Михаил спрыгнул на пол, забыв, что ноги одеревенели от уколов. Пошел морщась, переваливаясь с боку на бок. В палате на его кровати уже лежала сетка с продуктами. Хлопнул, потер горячо ладоши.
— Сегодня будем потчеваться.
В дни передач, вечерами сдвигали имеющиеся в палате стулья, выкладывали на них продукты, ели, говорили. Потом курили, ложились спать. Но сразу не засыпали. При потушенном свете, под завывание Джули вели долгие разговоры.
— Я вот тут классика прочитал, — негромко переговариваются в палате мужики. — Роман «Воскресение». Как-то все равно не верится, чтоб эта Катерина не напилась потом ни разу… ну, когда этого революционера полюбила. Если уж было — пила!
— А пьяная баба себе не хозяйка…
— Всяко бывает, — подает голос Дед, — но когда дворовая собака становится бродяжкой, обратно на цепь не возвращается.
— А может, нынче надо, чтоб все… лет до двадцати трех нагулялись в доску, а потом уж, когда все это осточертеет, замуж, детей рожать…
— Ученые что говорят: законы в природе одинаковы, — опять вступает знатоком Дед. — А теперь я скажу: если породистая кобыла побыла первый раз с непородистым жеребцом — просто побыла, даже жеребенка от него не поимела, — то потом и от породистого жеребца породистых жеребят не приносит!
Посылает свой неземной бирюзовый свет в зарешеченное окно прекрасная Венера.

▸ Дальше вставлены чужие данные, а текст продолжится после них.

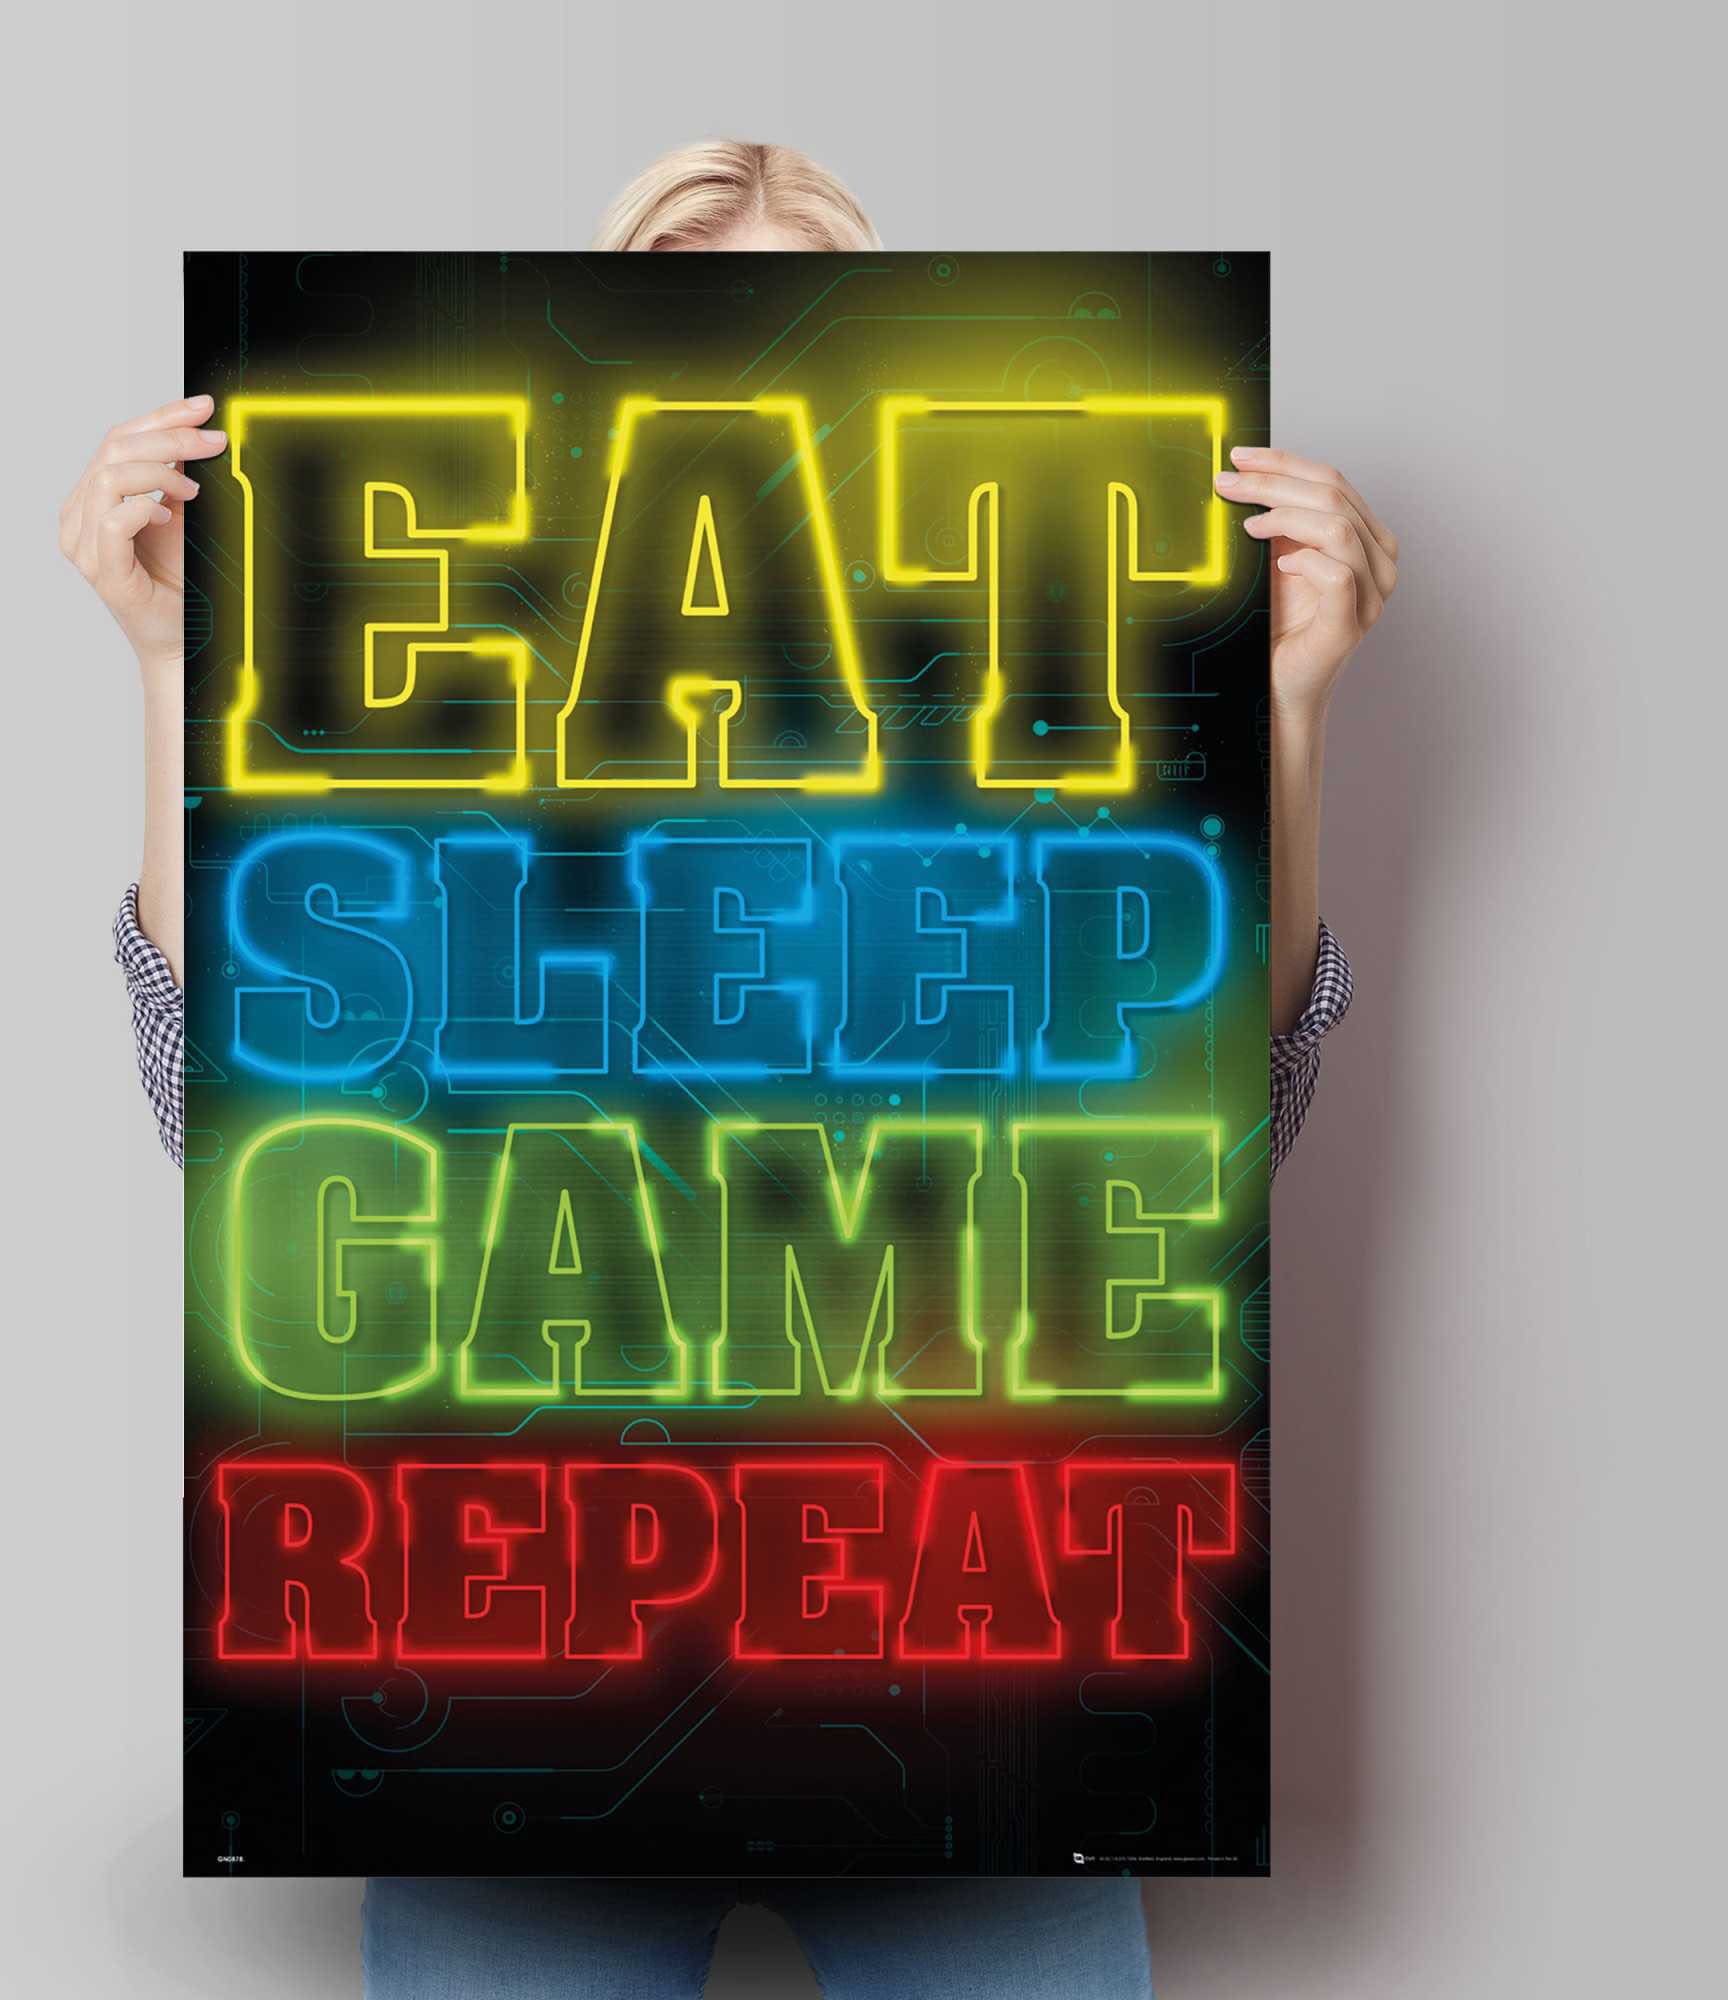 Zocken Reinders! Raten St.) Spiele, game sleep bestellen »Poster Eat (1 repeat«, Poster auf

Завывает потихонечку кобель Джули…
13
…Если Михаил и казался себе когда-нибудь блистательным, обнаруживал с таким упоением легкость и подтянутость своего тела, то именно в эти мгновенья. В мгновения, когда, сбросив вислую больничную пижаму, облачился в свои джинсы и тугую рубашку, надел туфли на каблуке. Когда шел по коридору и улыбался, кивал, пожимал руки, стремительный и недосягаемый… Садился в трамвай, который два месяца видел только через решетку. Ехал… — куда хотел! Влюбленный во всех и все, в людей, в трамвай этот, дома, деревья, завод, коптящий в двенадцать труб, в небо — движущееся над головой небо! И все вокруг — движущееся в разнообразии своем. А то, что было там, за высокими бетонными стенами, воспринималось уже далеким, давним, тягучим и муторным. Впрочем, все-то последние годы кажутся единой путаной ночью — ни сон, ни явь…

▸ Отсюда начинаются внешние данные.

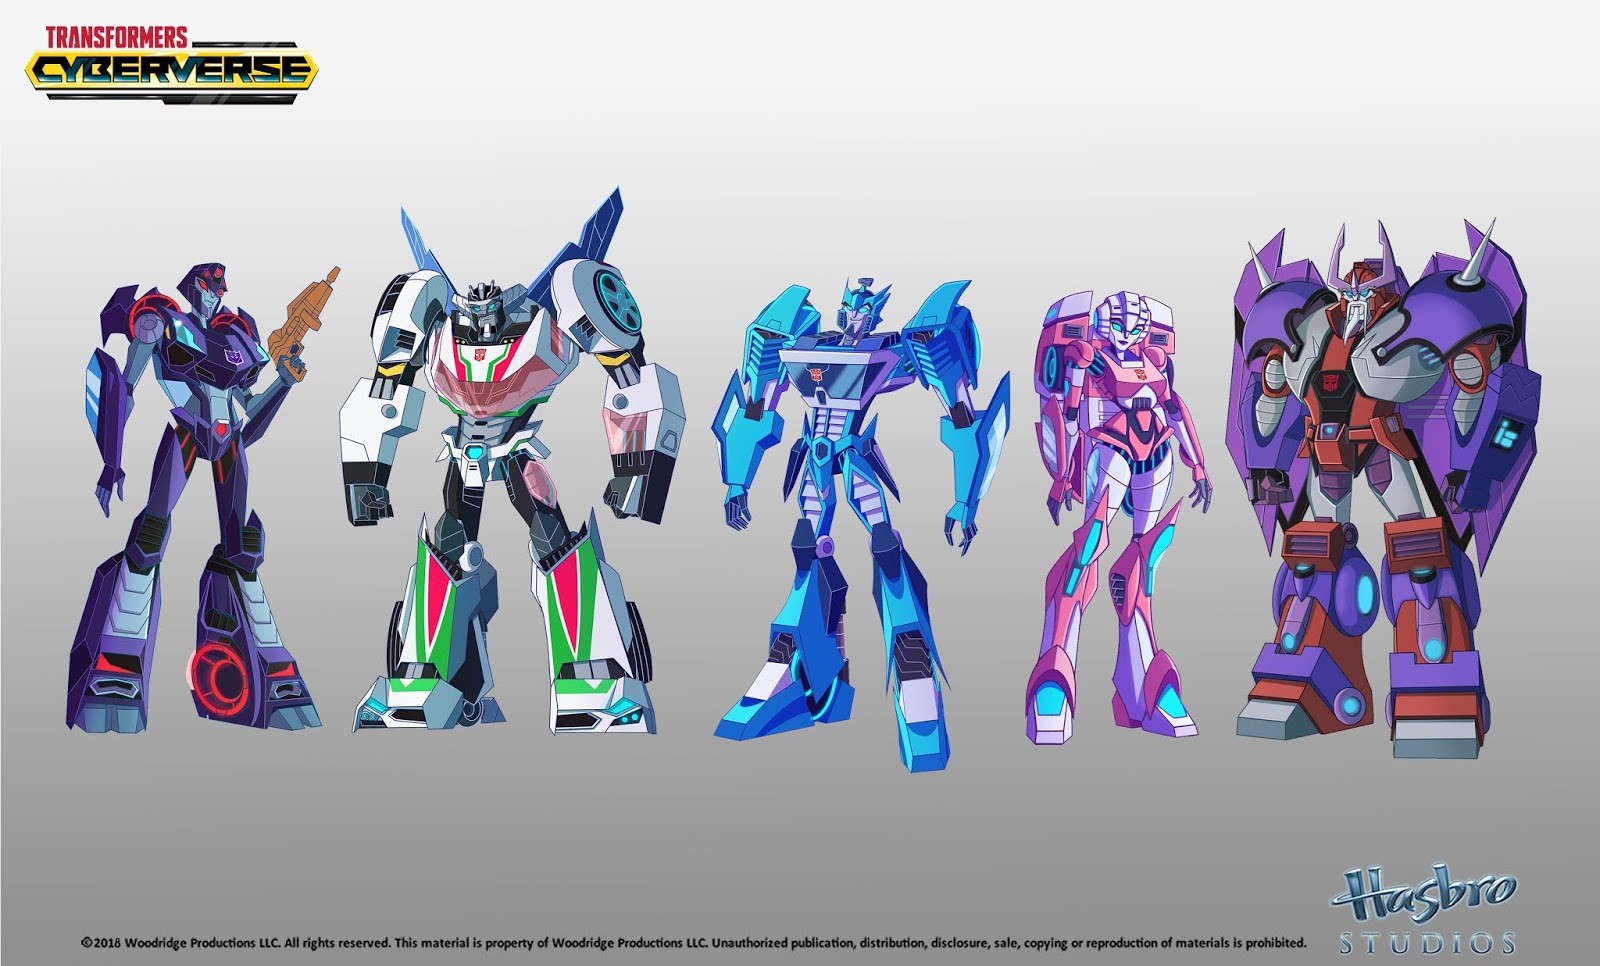 Transformers News: New Transformers Cyberverse Concept Art

Трамвай проезжал мимо пивного ларька. Михаил ощутил вкус пива на губах, во рту мигом пересохло. На остановке вышел. Взял у мужиков, выпивающих за ларьком, литровую банку. Подал в окошечко продавщице, та поставила банку под кран, по дну забила напористая струя. Запенилась… Михаил отошел в сторонку, сдул пену, прильнул к краю банки губами. Пил неторопливо, мелкими глоточками, тянул. Вздохнул, прочувствовал поджаристый хлебный вкус, расходящуюся по телу прохладу и легкую слабость. Допил, утолил жажду.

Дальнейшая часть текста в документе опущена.